# A Plan unbelievable!



## Andyswad (Jan 5, 2005)

Well chuffed, just changed from a trade policy and my no claims will only go to the van so had to start again - no no claims on the GTR.


A Flux £1088

A Plan £ 548, ok i'm 43 and with £500 excess, declared mods too

Guess who is getting my business?


----------



## GTR RICH (Oct 30, 2005)

thats cool  ,any points ?


----------



## matt j (Oct 19, 2001)

Theres a thread on here about A-plan, which they even responded to.

I used to be with them for 2 years and received good service, BUT be sure that you are covered for what you think you are - they are cheaper for a reason.


----------



## Scott (Jun 29, 2001)

So chuffed he posted 3 times!!!


----------



## JasonO (Jun 29, 2001)

Scott said:


> So chuffed he posted 3 times!!!


Where....


----------



## kenan (Apr 29, 2003)

matt j said:


> Theres a thread on here about A-plan, which they even responded to.
> 
> I used to be with them for 2 years and received good service, BUT be sure that you are covered for what you think you are - they are cheaper for a reason.

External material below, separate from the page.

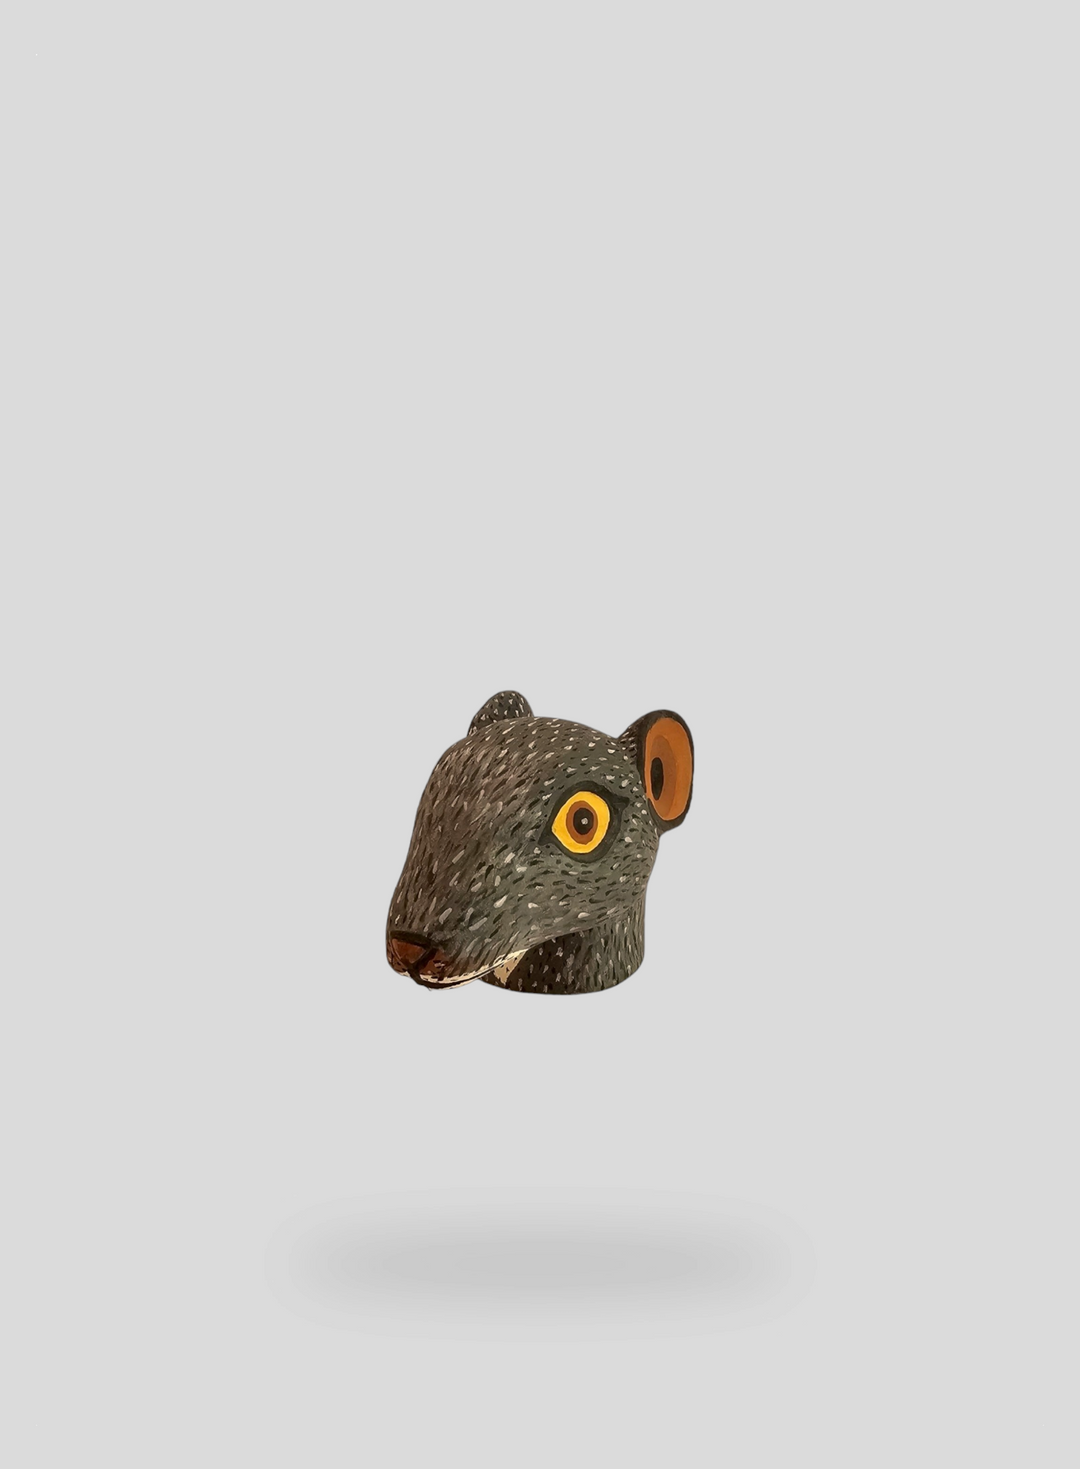 The Mini Mouse Sculpture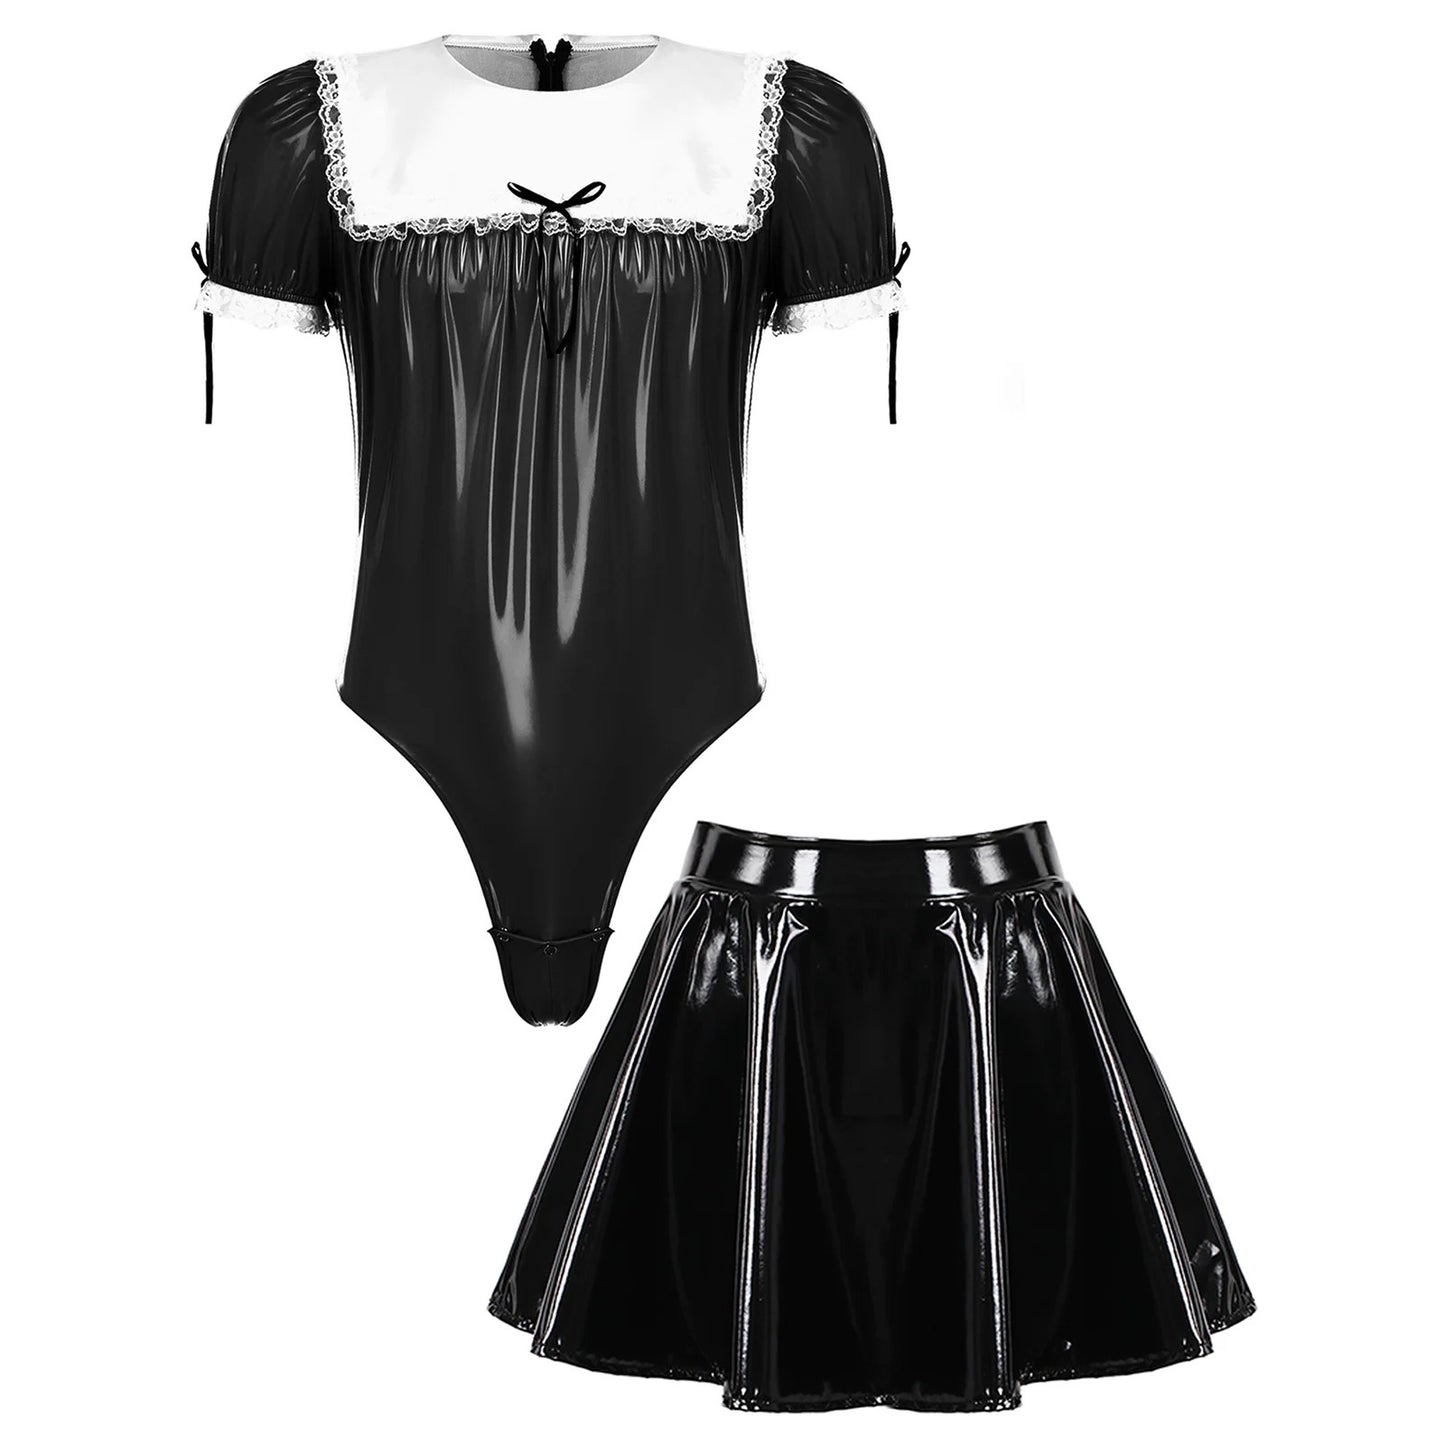 🌸 Step into Glamour: Cute Faux Leather Bodysuit & Skirt Set - Sissylux's Flirty Ensemble for Divine Femininity! 💕

could you post me a link, would be interested in this....


----------



## moleman (Jun 3, 2002)

Here you go Kenan.

http://www.gtr.co.uk/forum/upload/showthread.php?t=55365&highlight=interesting+conversation


----------



## kenan (Apr 29, 2003)

Just found it thanks bud. Posted about this myself a while ago...


----------



## Andyswad (Jan 5, 2005)

Yes with one SP30.

Yes I am aware of the standard parts issue but insurance is a gamble, at the moment i need to build up a new no claims bonus then I will look at getting better cover for real value on mods etc. At the moment its insured for 12k and i can live with that.

Lets face it we all lose money on Skylines when we part with them, last months Jap performance mag, R32 GTR for 12k complete with 20K worth of receipts Ouch, lets hope we part with them on our terms and not because its stolen or involved in accident.

I live in a good area and have had Skylines since 97, all cat one alarm and no problems yet, 9 years worth of insurance premiums wasted with no claims ?(fleet and trade policy) its a gamble not to say it will not get stolen or ran into tomorrow but i assess my circumstances as low so i take the cheap insurance.

You pay your money and take your chance!


----------